Практическая деятельность как основа человеческого мышления

Основой всего человеческого познания является предметно-практическая, производственная деятельность — труд. Лишь внутри исторически складывающихся способов этой деятельности, преобразующей природу, формируются и функционируют все формы мышления. «...Существеннейшей и ближайшей основой человеческого мышления, — писал Ф. Энгельс, — является как раз изменение природы человеком, а не одна природа как таковая, и разум человека развивался соответственно тому, как человек научался изменять природу» [192, стр. 545]. Анализ происхождения и развития мышления необходимо начинать с выяснения особенностей трудовой деятельности людей.

287

Для людей объекты природы выступают как предметы и средства изготовления орудий и их использования. «Так данное самой природой, — писал К. Маркс, — становится органом его (человека. — В. Д.) деятельности, органом, который он присоединяет к органам своего тела, удлиняя таким образом, вопреки библии, естественные размеры последнего» [197, стр. 190].

Процесс использования орудий труда предполагает постановку цели и руководствование ею как идеальным образом требуемого продукта. Эту основную особенность трудовой деятельности К. Маркс охарактеризовал так: «В конце процесса труда получается результат, который уже в начале этого процесса имелся в представлении человека, т. е. идеально.
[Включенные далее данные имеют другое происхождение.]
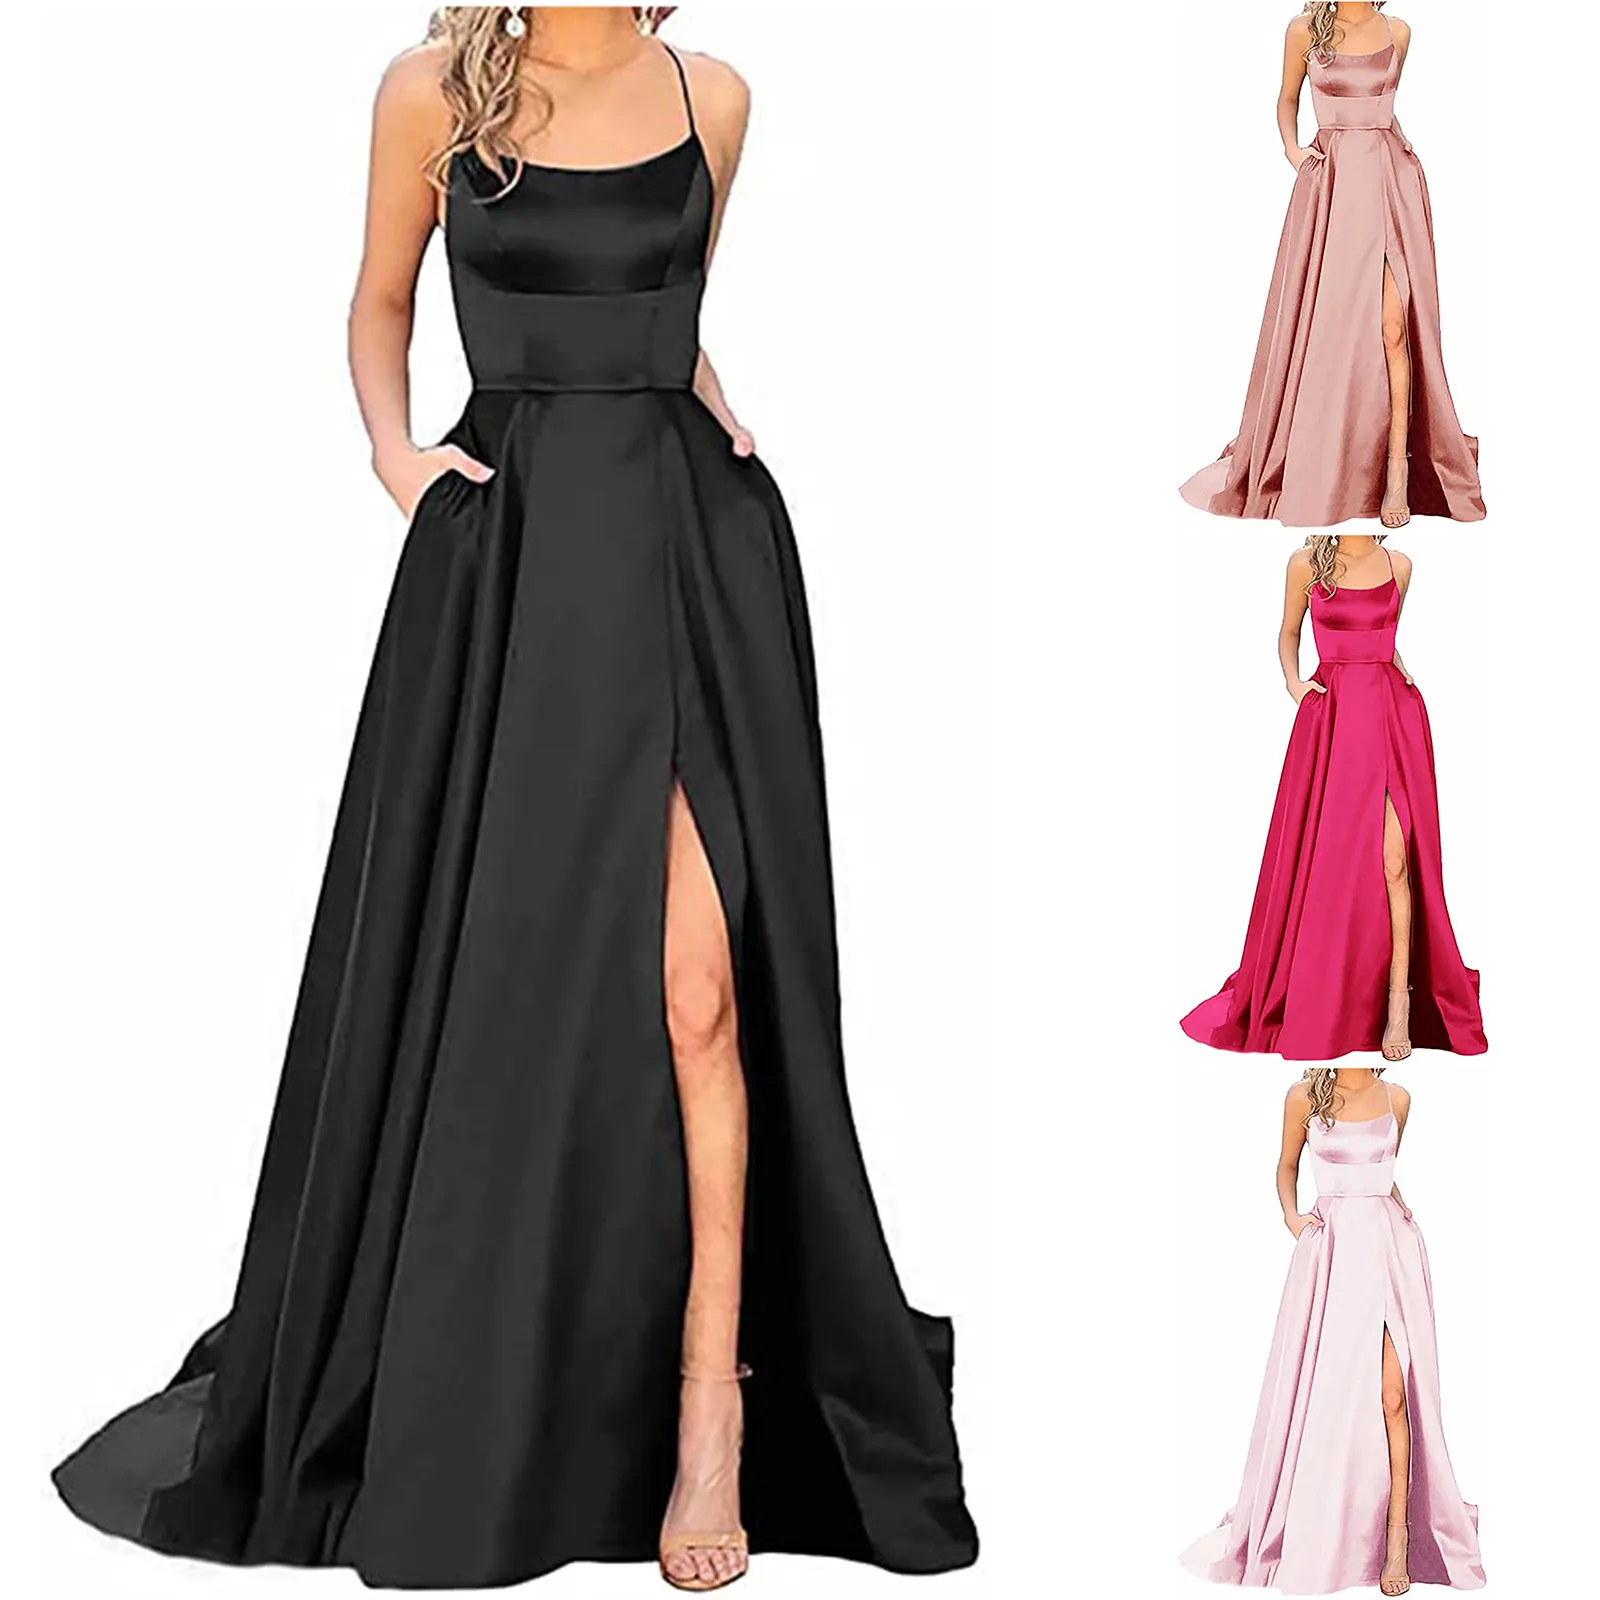 

Elegant Simple Bridesmaid Long Dress For Women New Sexy Side Slit Backless Gown Maxi Satin Spaghetti Strap Wedding Party Dress

Человек не только изменяет форму того, что дано природой; в том, что дано природой, он осуществляет вместе с тем и свою сознательную цель, которая как закон определяет способ и характер его действий и которой он должен подчинять свою волю» [193, стр. 189].
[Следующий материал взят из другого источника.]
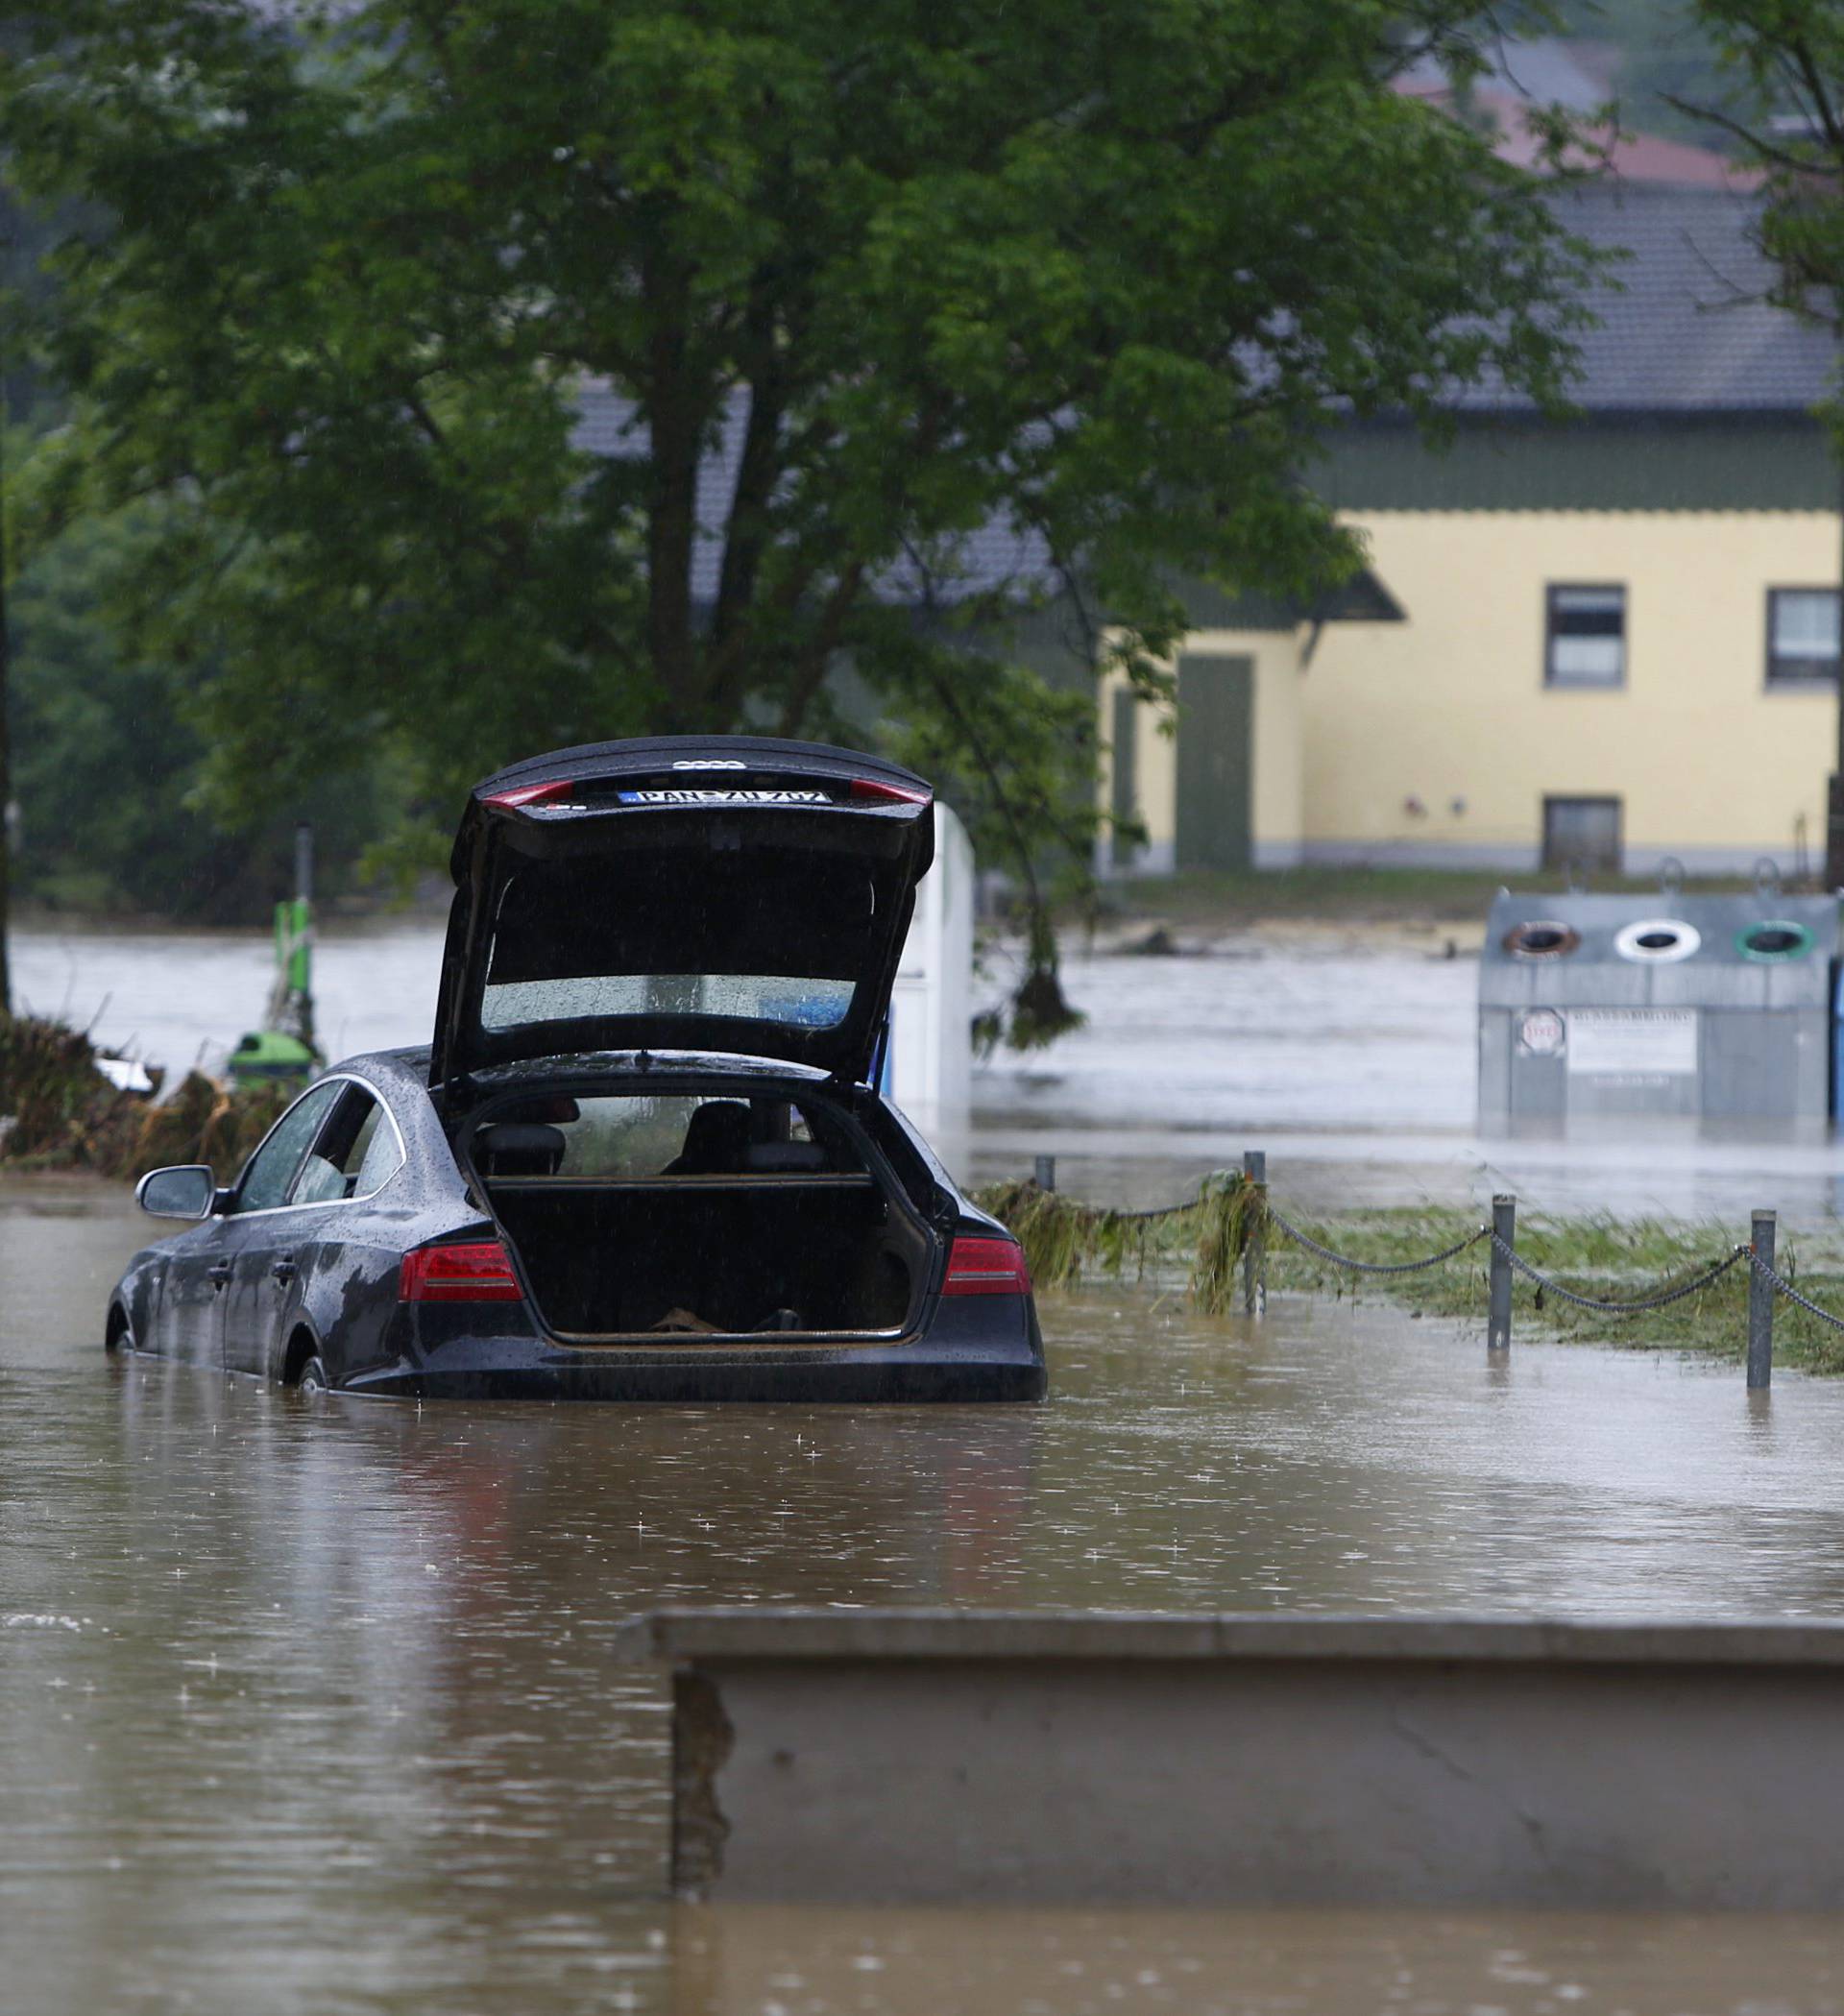 A car stands in the water in the flooded street in the Bavarian village of Triftern

Изменение того, что дано природой, является актом преодоления ее непосредственности. Сами по себе естественные предметы не приобрели бы той формы, которая придается им сообразно потребностям общественного человека. При этом люди должны наперед учитывать те свойства предметов, которые позволяют производить метаморфозы, соответствующие как поставленной цели, так и природе самих предметов1. Без этого предмет может измениться не в том направлении, которое требуется целью. Следовательно, в процессе труда человек должен учитывать не только внешние свойства предметов, но и меру их «расшатывания» — те внутренние их связи, учет которых

288

позволяет изменить их свойства, форму и переводить из одного состояния в другое1. Эту меру нельзя выявить до практического преобразования предметов и без него, так как только в этом процессе она себя и обнаруживает.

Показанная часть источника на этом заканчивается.